Jako świeżo upieczona narzeczona uciekłam mojemu Ukochanemu na wyspy! Ale spokojnie - mój półroczny wyjazd był już dużo wcześniej zaplanowany i przede wszystkim zatwierdzony przez narzeczonego :) Można powiedzieć, że to on właśnie sprawił, że postanowiłam aplikować na Uniwersytet w Edynburgu na wymianę studencką w ramach programu Erasmus - wszystkim niezdecydowanym gorąco polecam!!! Rok wcześniej mój studiujący jeszcze wtedy chłopak wyjechał na wakacje do pracy do szkockiego miasta Aberdeen, pod koniec jego pobytu odwiedziłam go i wspólnie wyruszyliśmy w podróż po Szkocji. Po tej podróży wiedziałam, że na pewno tam wrócę!

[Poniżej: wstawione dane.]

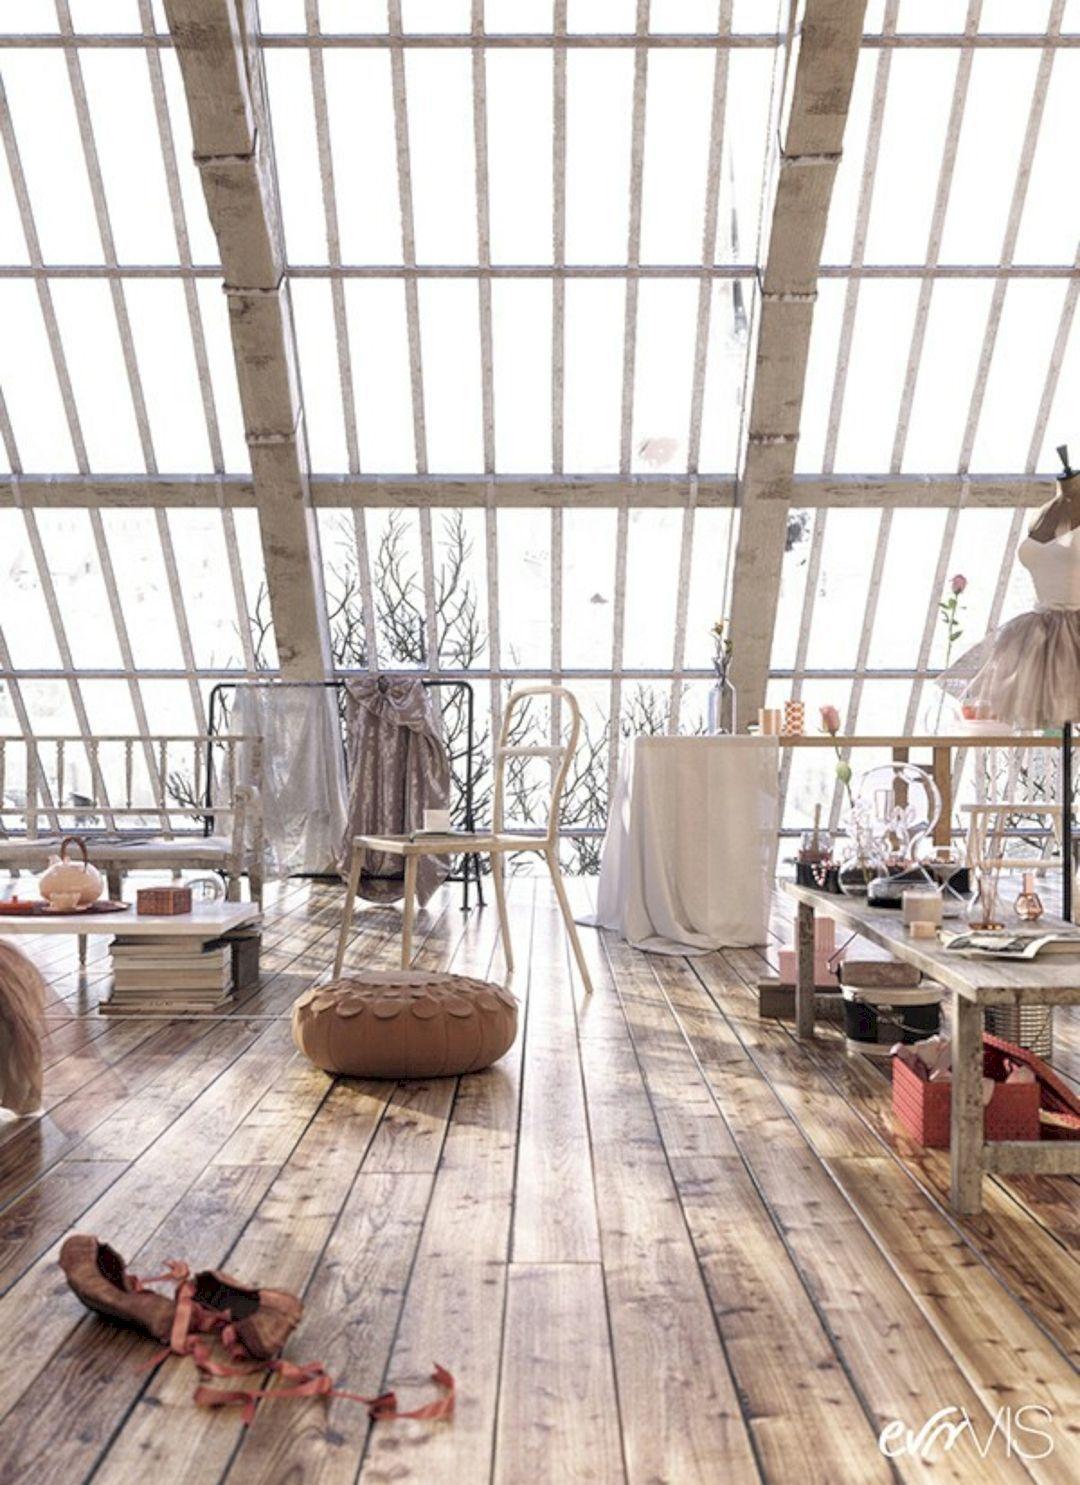 Merveilleux 92 Beautiful Modern Apartment Interior Ideas  Https://www.futuristarchitecture.com/22343 Modern Apartment Interior Ideas. Html
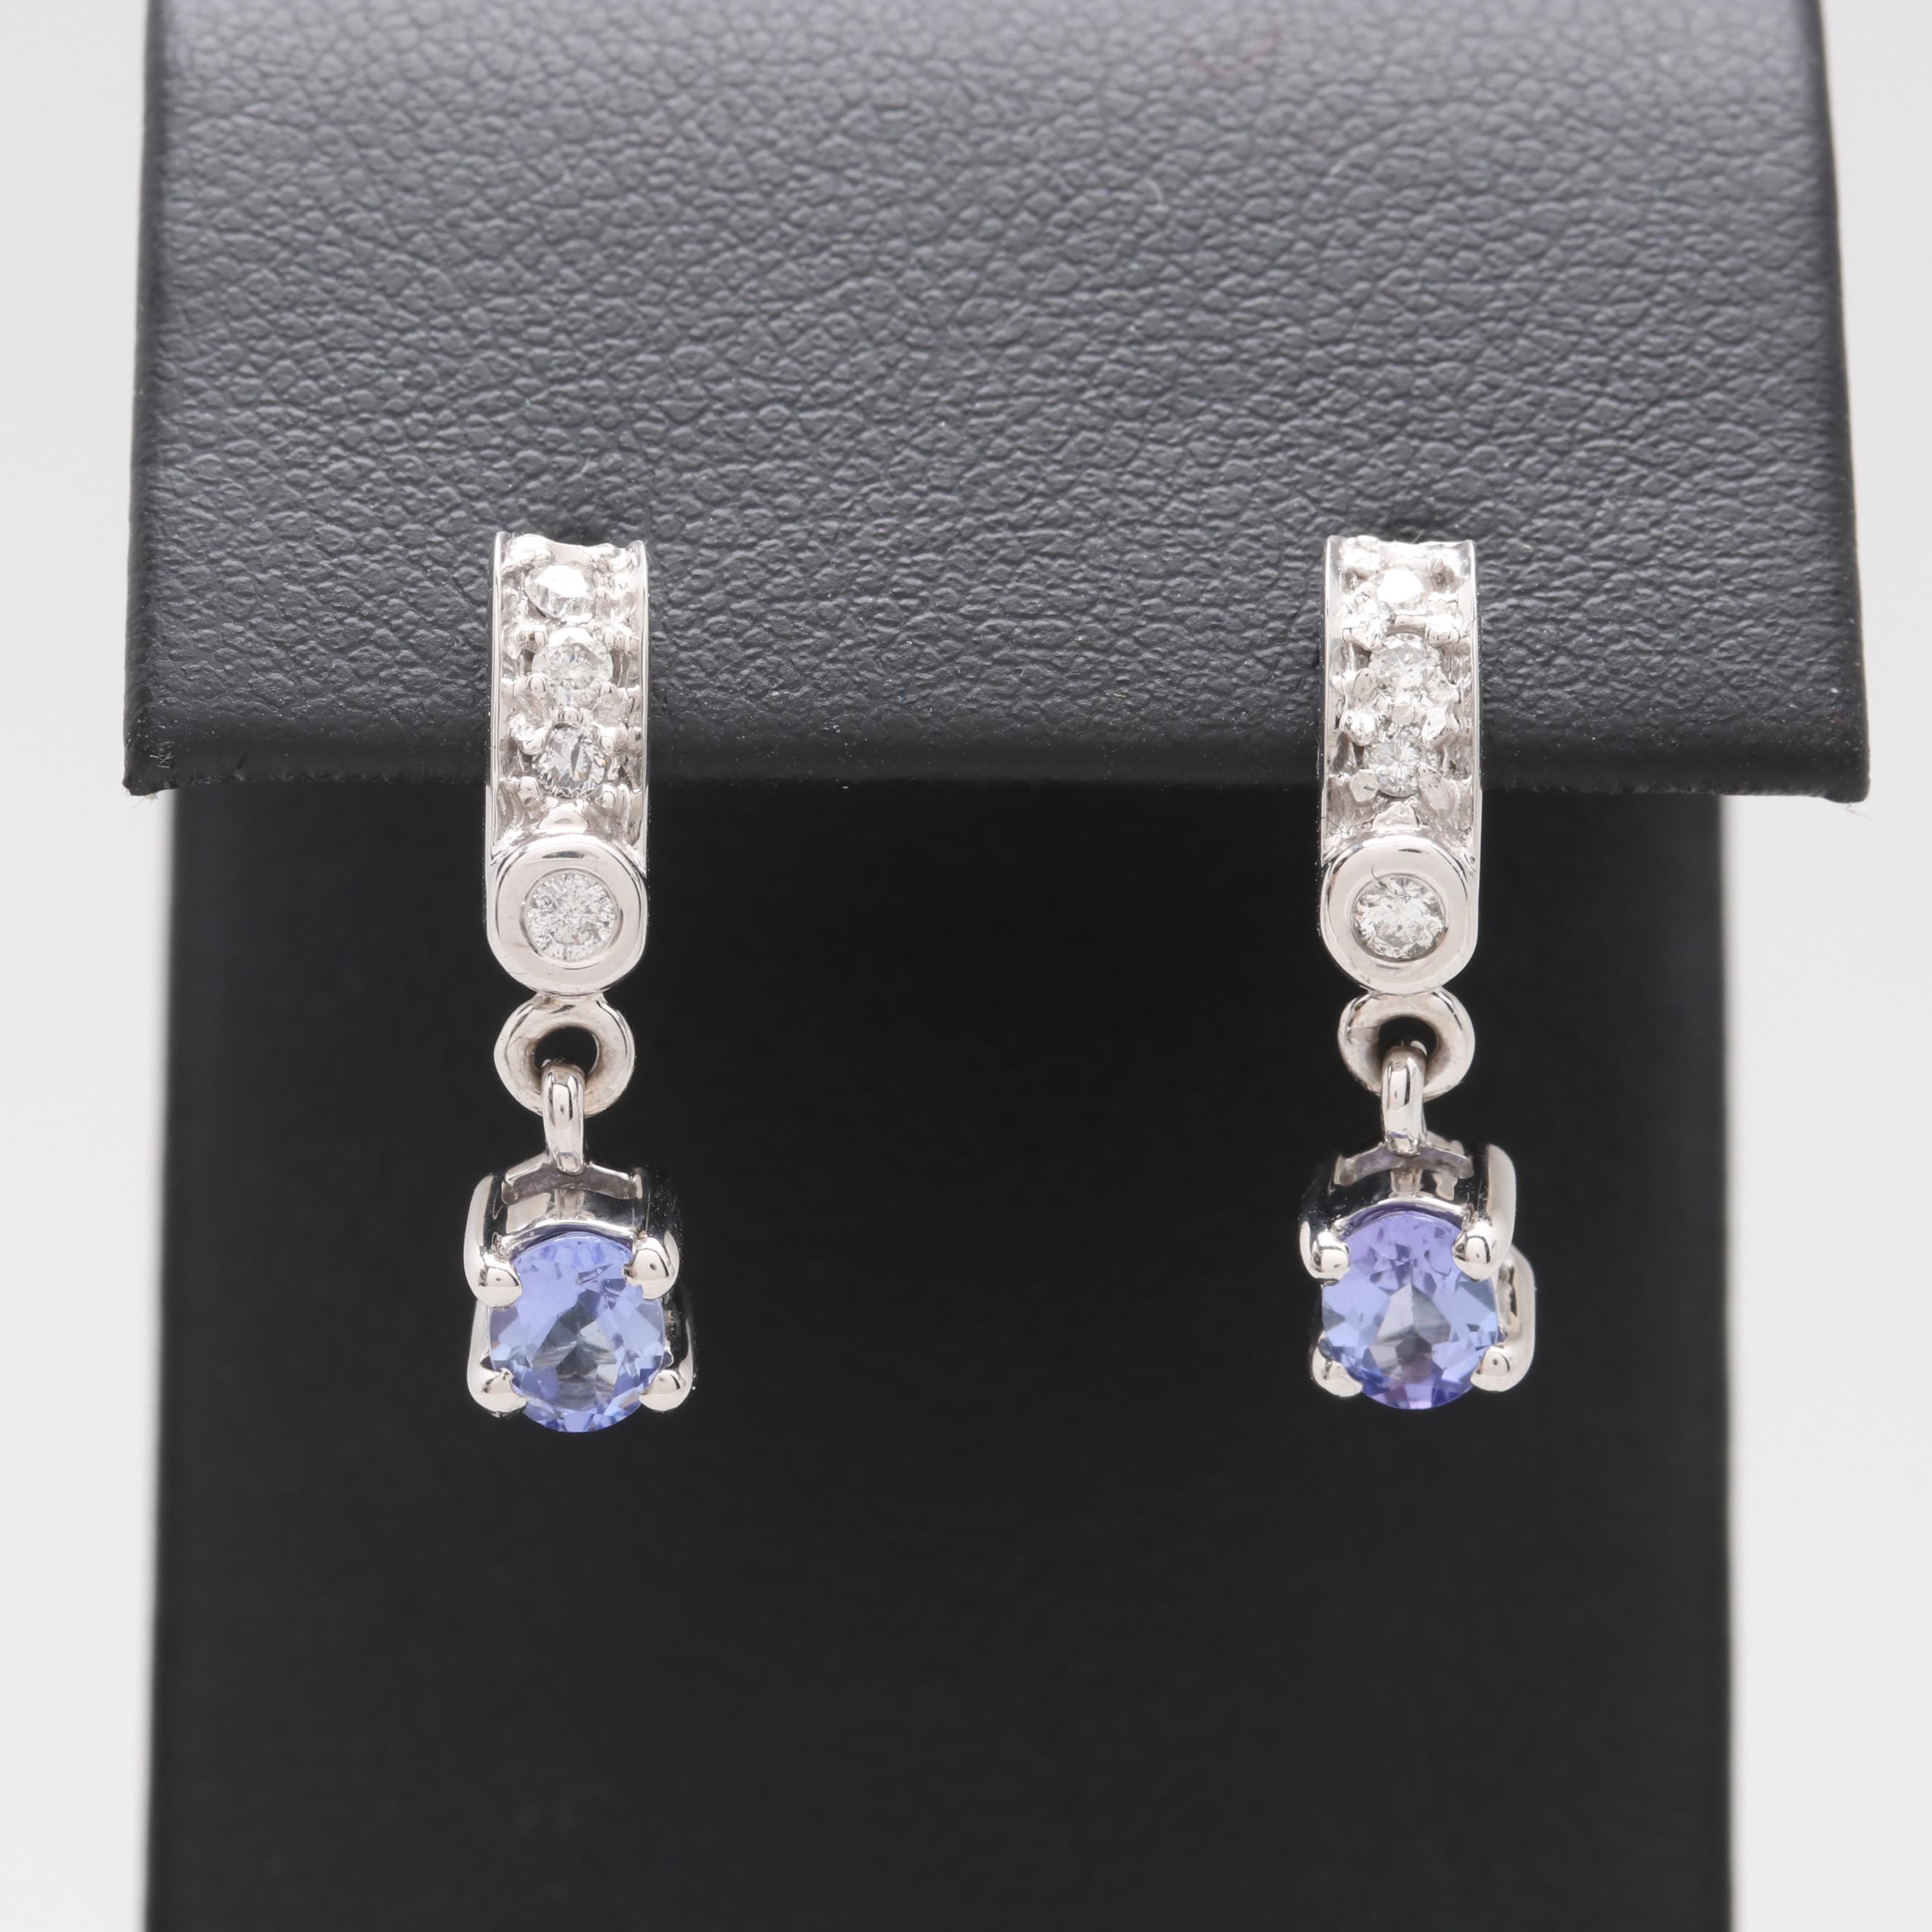 14K White Gold Tanzanite and Diamond Earrings
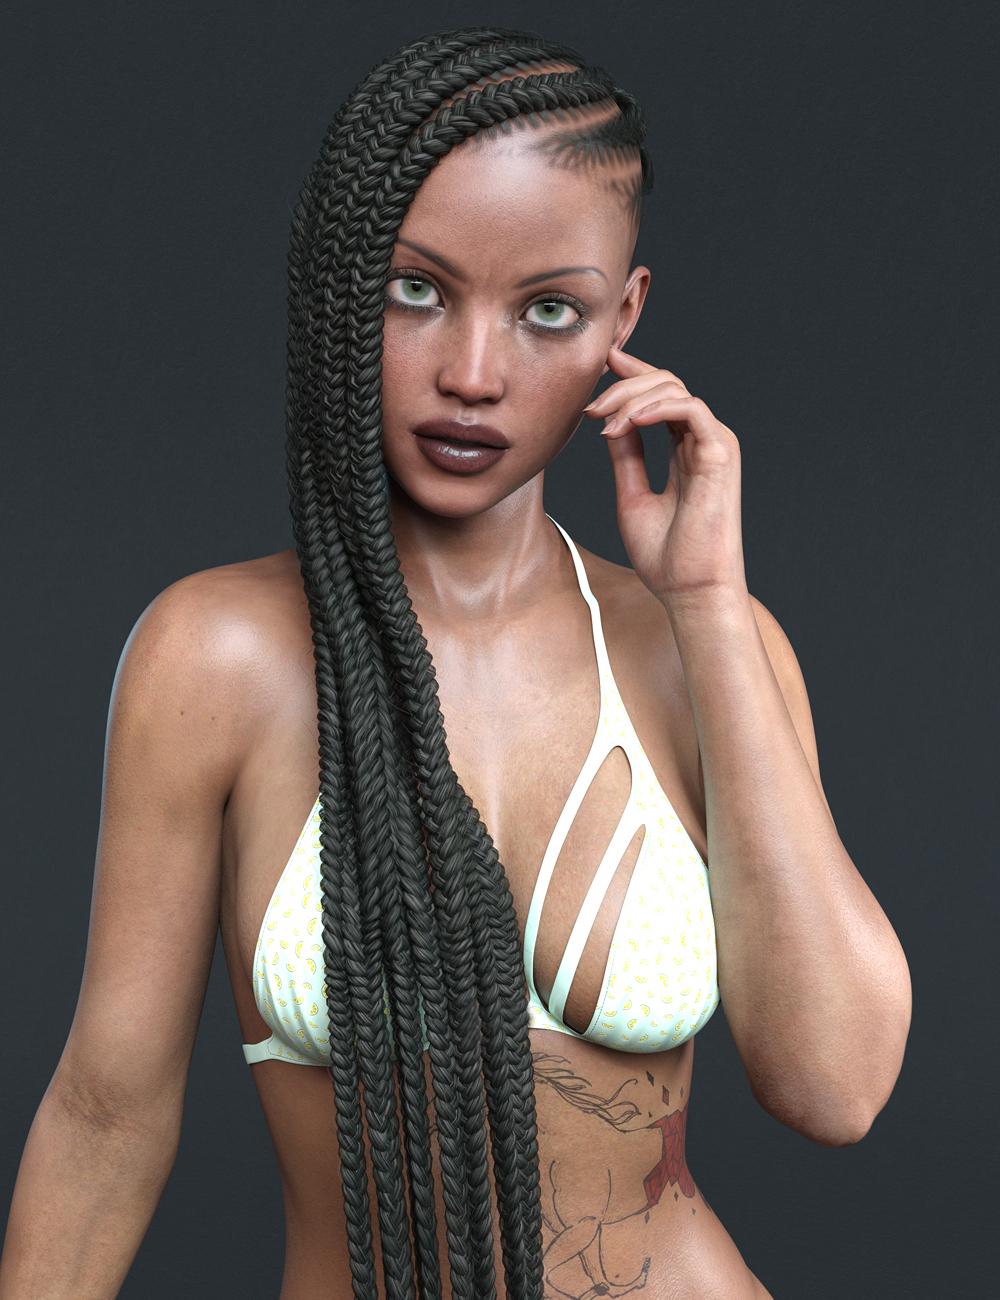 MR Jasmine for Genesis 8.1 Female by: Marcius, 3D Models by Daz 3D
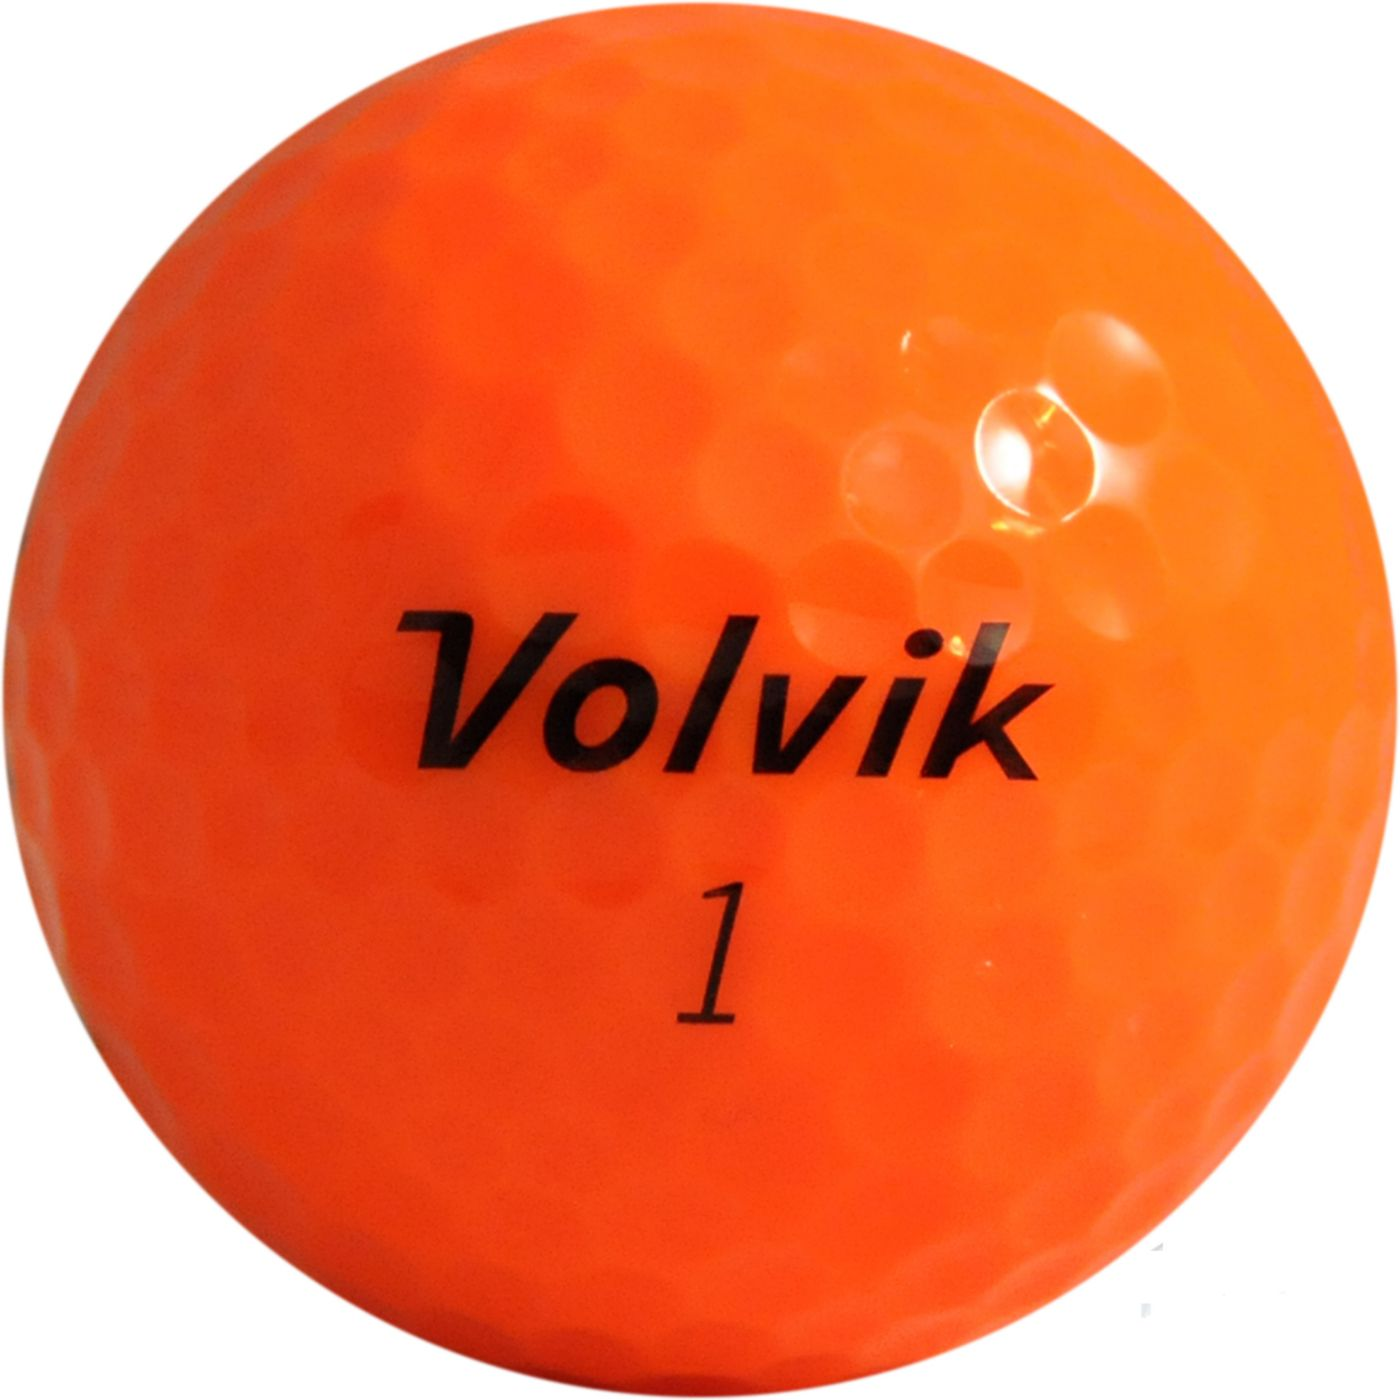 Volvik DS 55 Orange Personalized Golf Balls

W dzisiejszym poście chciałabym pokazać Szkocję moimi oczami, taką w jakiej się zakochałam!
Naszą podróż rozpoczęliśmy od zwiedzania Edynburga i Glasgow. Jak możecie zobaczyć na poniższych zdjęciach Edynburg jest bardzo klimatycznym miastem do którego mogłabym wracać o każdej porze roku!
Następnie wybraliśmy się wgłąb Szkocji, w Highland'y czyli ich góry. Byliśmy tam na przełomie sierpnia i września, przez co miałam niesamowitą okazję ujrzeć szkocki krajobraz zalany wrzosem! Niesamowity widok!
Udało nam się odwiedzić również przepiękną wyspę Skye! W drodze powrotnej zahaczyliśmy o znany szkocki zamek Eilean Donan, w którym kręcono między innymi jedną z części Jamesa Bonda :)
A oto moja mała pamiątka, którą sobie przywiozłam ze Szkocji i nazwałam Skye na cześć wyspy pełnej malowniczych pejzaży, ale przede wszystkim tych słodkich, włochatych krówek!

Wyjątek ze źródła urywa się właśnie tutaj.